(Granada) Populist Polish and Hungarian leaders vehemently demonstrated their opposition to reform of the European migration system at an EU summit on Friday, which they cannot block, two days after an agreement -key between Member States.
Hungarian Prime Minister Viktor Orban, a regular in diatribes against Brussels, went so far as to speak of “rape” in thunderous declarations upon his arrival at this informal summit in Granada, in the south of Spain. “If you are legally violated, forced to accept something you don’t like, how do you expect to reach a compromise and an agreement? It’s impossible,” he said.
“We are not afraid of the diktats that come from Brussels and Berlin,” thundered the Polish Prime Minister, Mateusz Morawiecki. He reiterated his refusal to have a system of “distribution of irregular migrants” imposed on him, ten days before legislative elections in Poland which promise to be close.
To express their dissatisfaction, in a primarily symbolic approach, the two countries on Friday blocked the adoption of a joint declaration on immigration at the end of the summit.
The migration issue, one of the most thorny among the Twenty-Seven, was put on the agenda of this summit at the request of the head of the Italian government Giorgia Meloni following the recent influx of migrants on the small Italian island of Lampedusa, which recalled the urgency of a European response.
In recent days, the Spanish archipelago of the Canaries has also seen an increase in entries.
On Wednesday, the ambassadors of EU countries finally agreed on a regulation setting up a mandatory solidarity mechanism between member states in the event that one of them is faced with an “exceptional situation » linked to “massive” arrivals of migrants at its borders.
The text, which also provides for a regime derogating from traditional asylum procedures, less protective for migrants, had to be the subject of a compromise to overcome German, then Italian, reluctance.
“Differences in geographical location”
This regulation, the last piece of the EU Asylum and Migration Pact which must still be the subject of negotiations with the European Parliament, was approved by the Member States by qualified majority as the treaties provide, and not by unanimity as demanded by Poland and Hungary.
The latter voted against the text, while Austria, Slovakia and the Czech Republic abstained.
Giorgia Meloni once again expressed her satisfaction with this text on Friday, believing that “the position that Italy has held for a year today dominates”.
“Today we found ourselves in a European Council where 27 countries agree that the priority is to stop illegal immigration,” said the far-right leader.
She assured that she “understood the position” of her Hungarian and Polish counterparts, stressing that the differences in views on migration reform between her and these leaders were due to “differences in geographical location”.
French President Emmanuel Macron welcomed the fact that the migration issue “is moving forward as it should with a qualified majority”.
Poland and Hungary demanded, without success, that the summit’s final declaration include a reference to the need for unanimity to adopt migration reform. In response, they refused to endorse the paragraph of the joint declaration relating to immigration.
This is what already happened during a summit in Brussels at the end of June, when the Polish-Hungarian duo blocked the adoption of conclusions to indicate their opposition to two other texts of the migration pact approved by the Member States shortly before.
The declaration on immigration, endorsed in the name of the President of the European Council Charles Michel in the absence of consensus of the 27, affirms the need to respond to irregular immigration “immediately and with determination” and to “intensify the returns” of irregular migrants .
He also mentions the EU’s determination to establish “mutually beneficial global partnerships with countries of origin and transit”, such as the one concluded in July with Tunisia in order to reduce the number of migrant arrivals from its territory.
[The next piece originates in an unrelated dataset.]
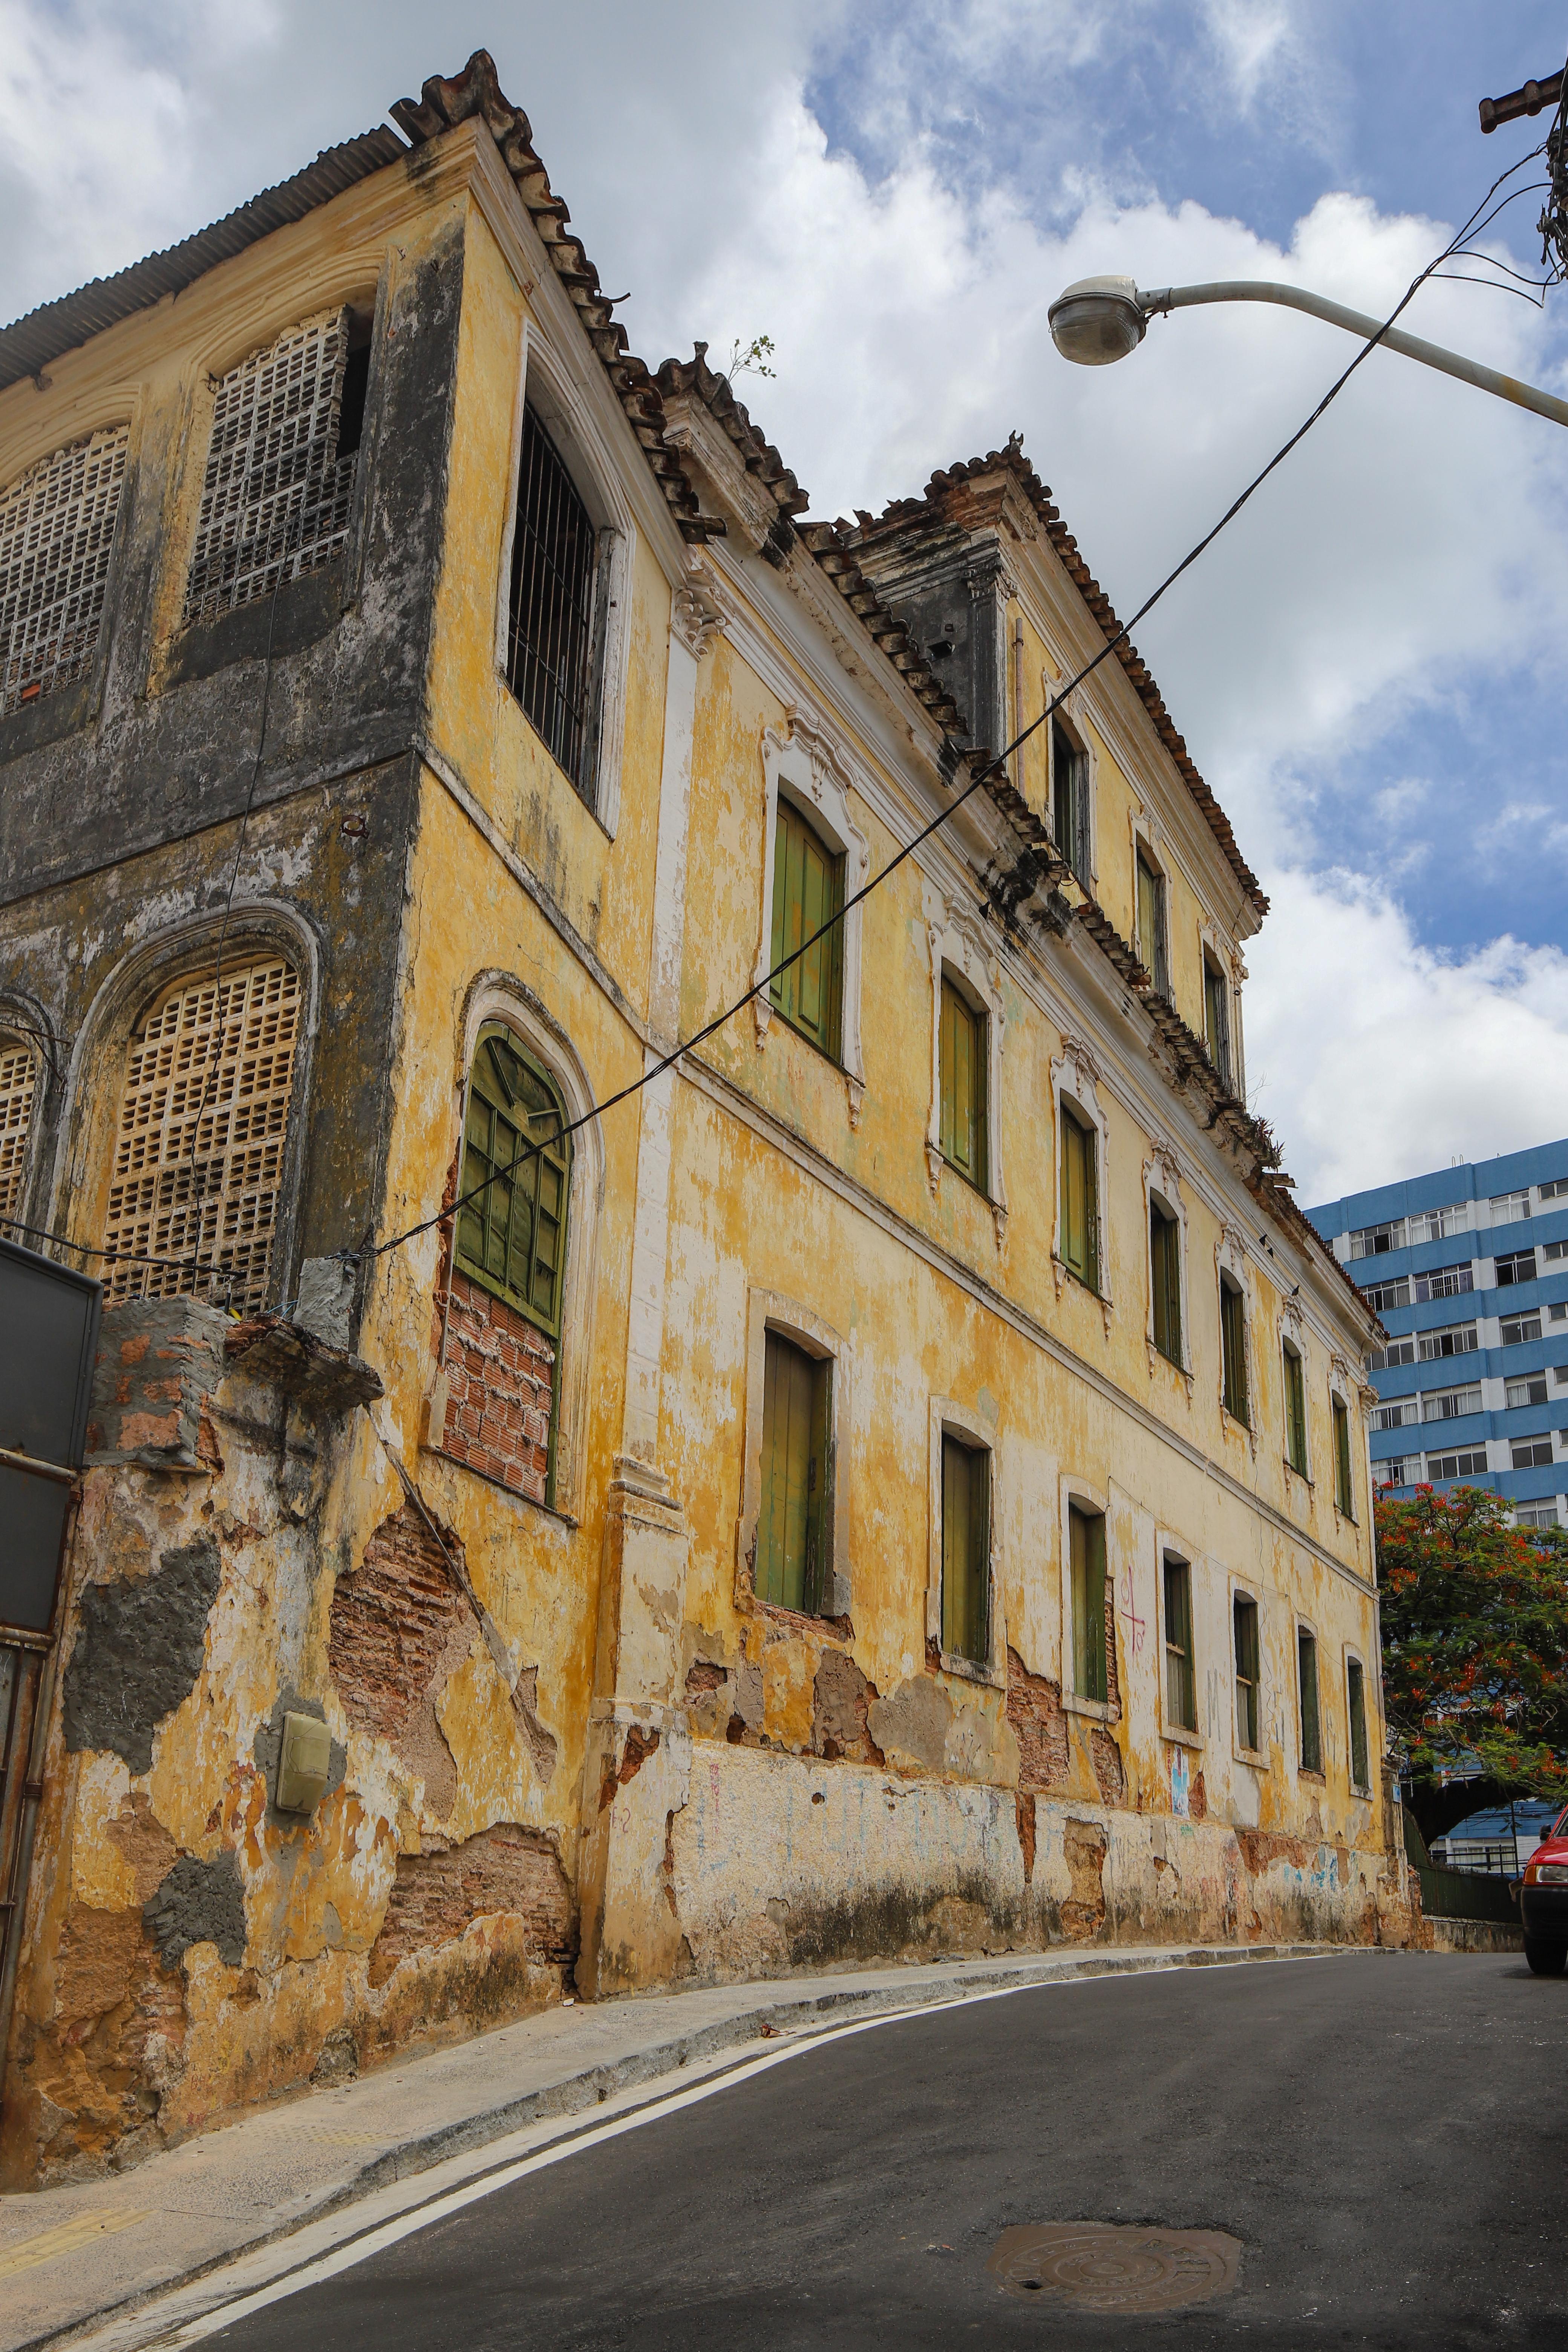 Rio Real Bahia fonte: upload.wikimedia.org

This memorandum of understanding is, however, the subject of controversy, linked to concerns about respect for the rights of migrants in this country, but also to criticism from certain Member States who have complained of not having been sufficiently involved in its negotiation.
Recent statements by Tunisian President Kais Saied, refusing the European funds that were allocated to Tunisia, describing them as “insignificant”, have further fueled doubts about this partnership.